Having to convince someone to stay and DB is long odds at best.
: (
I stay away from Newcomers for the most part. IF when they find their way to MLC Land... I figure they might have what it takes to make stick long enough for advice to seep in. I see Newcomers as a winnowing process.
And the advice, doesn't mix well. Like butane and an open flame at times.
Experience is a brutal teacher, but you learn. My God, do you learn. - C.S. Lewis
Life is usually all about how you handle Plan B. - Jack3Beans
Listen without defending; Speak without offending - FaithinAK
that is a good point. I don't know if his wife is MLC. I think he was saying he'd checked out other parts of the board but didn't see a true "fit" with his sitch.

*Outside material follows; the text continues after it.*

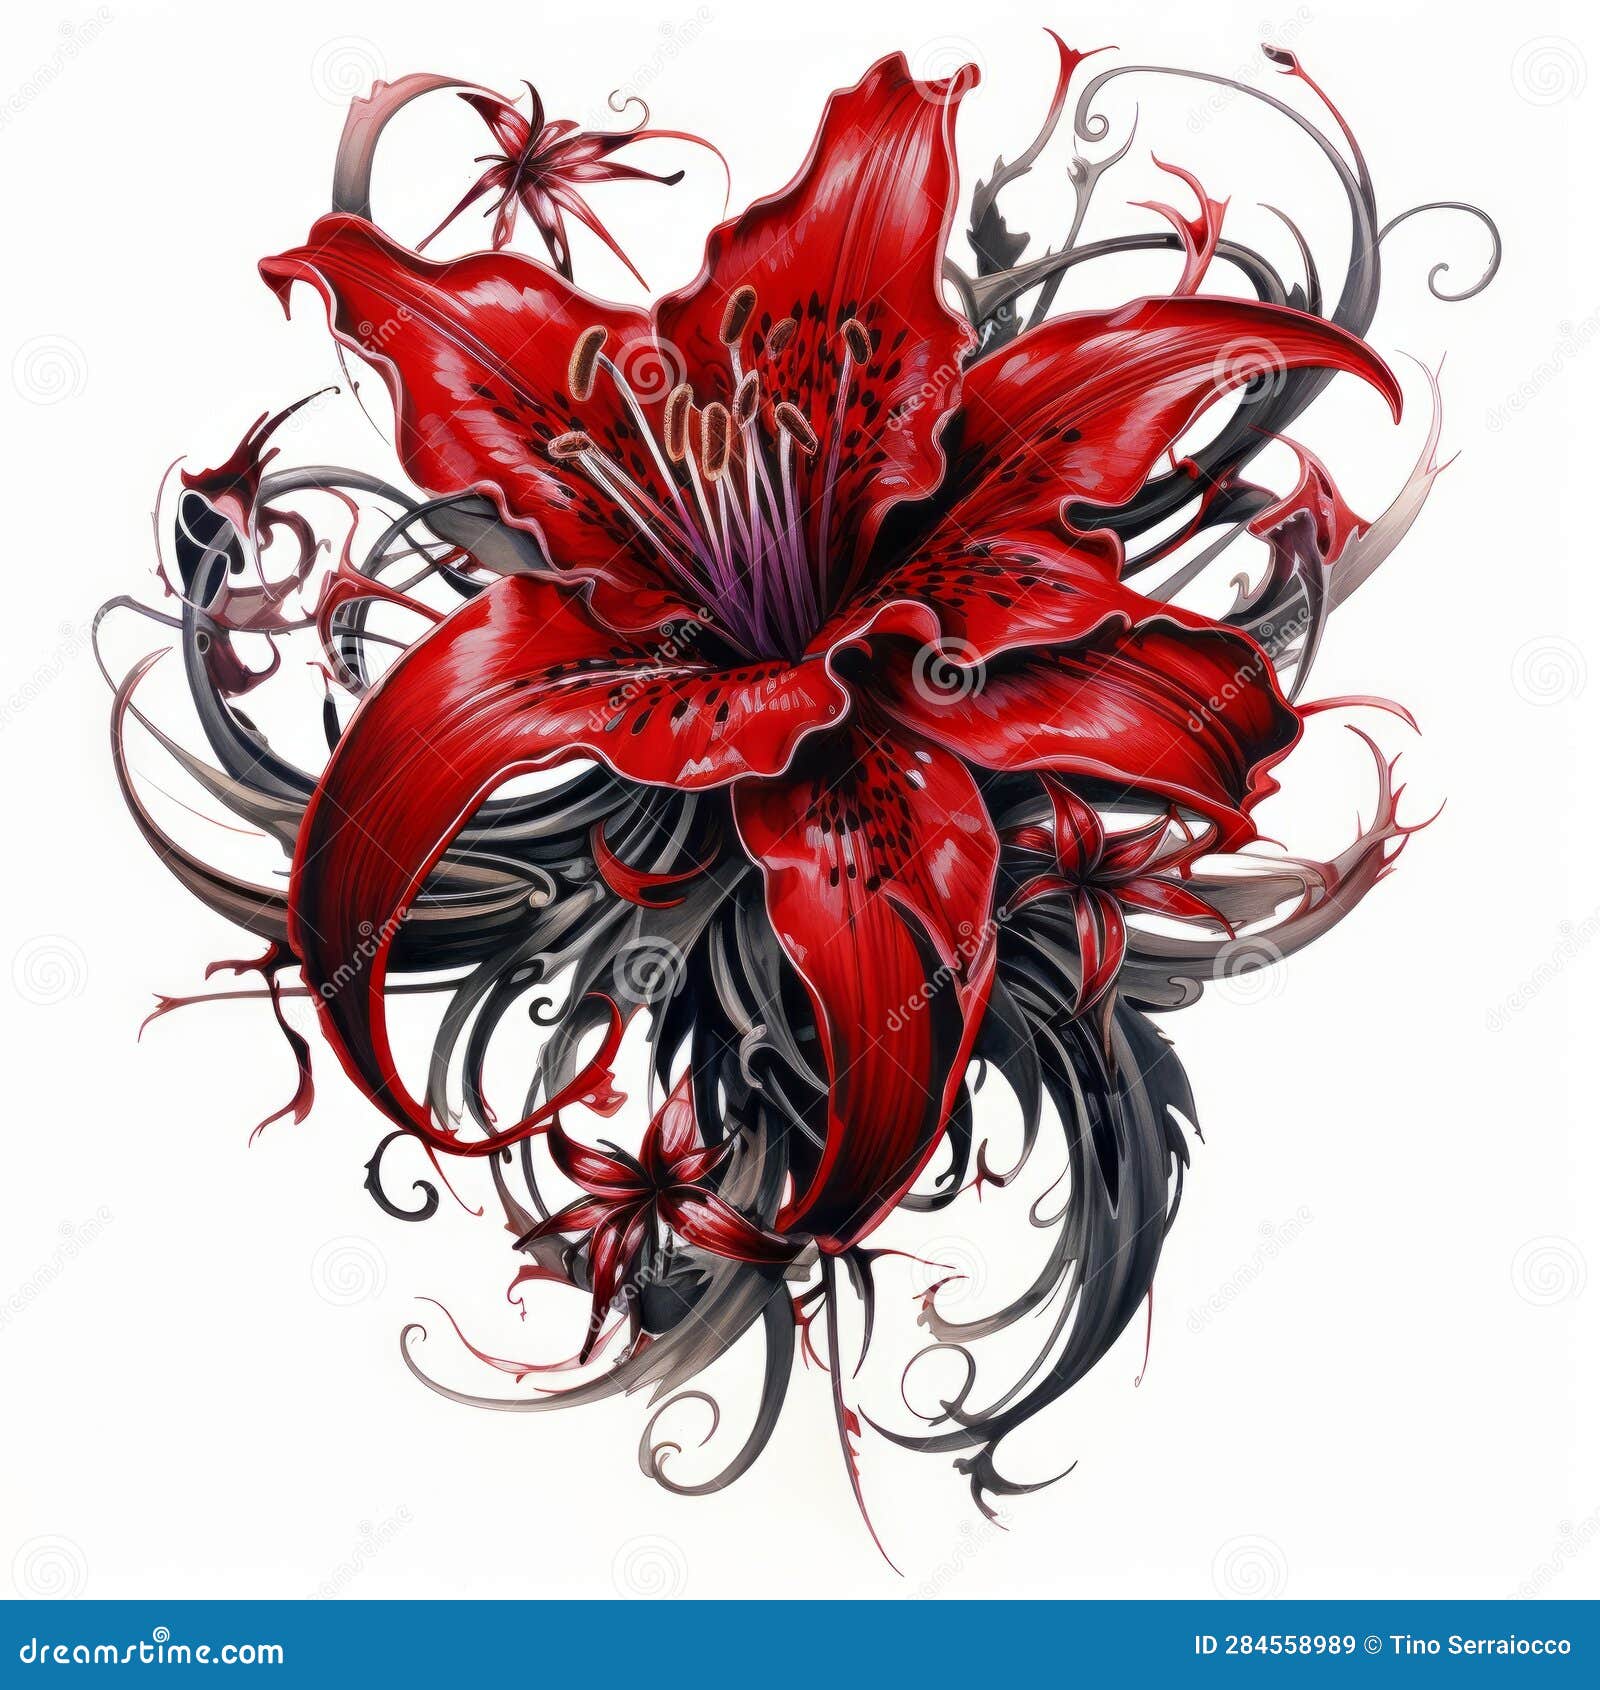 Red Spider Lily tattoo on the inner forearm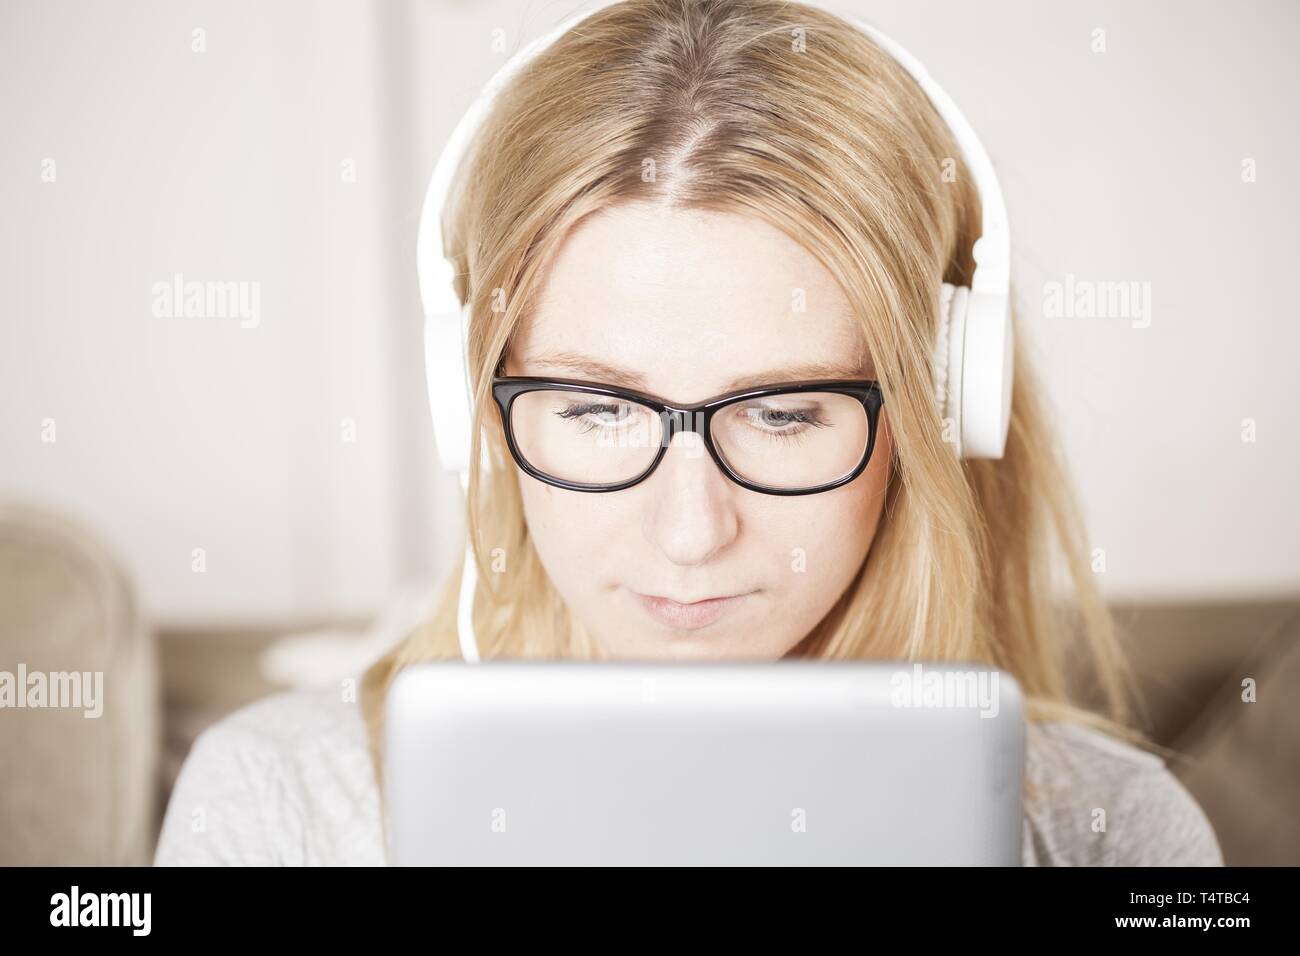 Blond young woman with headphones and tablet PC Stock Photo

I don't miss those times. God the pain. Blah.
....Understand, that I can't, not be what I am I'm not the milk, and Cheerios in your spoon ~ Avril Lavigne ~ ..."Nobody's Fool"...
And the advice, doesn't mix well. Like butane and an open flame at times.
I'm not so sure. Bear with me a moment and realize these are only my opinions:
I think the advice for both straight WAS and MLC'ers is similar:
-Establish boundaries, particularly when it comes to the OP. -GAL -Work on yourself. -Don't push. -No R talks. -No ILY's. -Etc.
I think the differences are (in most cases) that with a WAS the "issues" lie with the LBS, where in an MLC the "issues" lie with the MLC'er. I also think that the chances of reconcilation are greater with MLC if the LBS is willing to wait it out.
I also think that MLC requires much more patience than WAS.
But the advice being THAT different? Not so sure. And probably why I don't restrict myself to any one forum.
Comments?
Everybody hurts. It's part of life. Don't miss the good stuff.
-Establish boundaries, particularly when it comes to the OP.
I still feel and see boundaries with an MLC at the begining as a great way to fast track them out of the LBSers life. Come across as controling and everything the MLC wants to get away from.
Later? Yes...later.
All the rest. Agree 100% with.
Funny huh? I'm blunt, and I'm saying that Newcomers is a bit more confrontational...
To me it is.
With MLC seldom do good things come from speed.
Experience is a brutal teacher, but you learn. My God, do you learn. - C.S. Lewis
Life is usually all about how you handle Plan B. - Jack3Beans
Listen without defending; Speak without offending - FaithinAK
I don't really think it's just MLC that you can't speed through though. If you don't take the time to truly work on you and not just do it for show to please someone....you aren't really making changes or positive steps.....
* drops her pennies in the bucket
....Understand, that I can't, not be what I am I'm not the milk, and Cheerios in your spoon ~ Avril Lavigne ~ ..."Nobody's Fool"...
Jack...I disagree...you have to have boundaries...not so much for your MLC WAS but for yourself.
You need to keep yourself safe most of all
you need to have boundaries maybe not spelled out like "If you do this then I will do this" but more along the lines of ones for you...unspoken...in your noggin I will walk away if they speak to me in such a way I will not let them push me into an argument
you know boundaries are boundaries they don't always need to be laid out for people to find them
And I suspect that's why some posters seem to gloss over my advice and reply only to those who support their actions.
I hope no one glosses over your advice Drew.. You have helped me & many so much... At those rough times... I remember them being tuff, but thank God I don't remember the intensity of the pain.
Every one here will get it.. Whatever that IT is for them..
They will read the advice and put it to work for them. I never thought in a million years I would be divorced, and I never thought in another million years, I would be so good at being divorced....:-)
Have Faith .
Birds will fly, on their own, and at their own time.. The view they will see will be breath taking and they will know it was all worth it..This journey never ends...It is a gift that will be cultivated for the rest of your days....single, married, re married whatever....
Enjoy the ride.....http://lshs64.com/enjoytheride.html
Live Simply Love Generously Care Deeply Speak Kindly Leave the rest to God
And I agree with Newcomers being more confrontational, at least more than it used to be. There definitely seem to be more people in the "confront the affair head on" school of thought, then the "don't dignify it by even acknowingly it" strategy.
And to this day, I'm not sure if my ex was WAW or MLC, but you know what?
It is what it is.
Good discussion.
Everybody hurts. It's part of life. Don't miss the good stuff.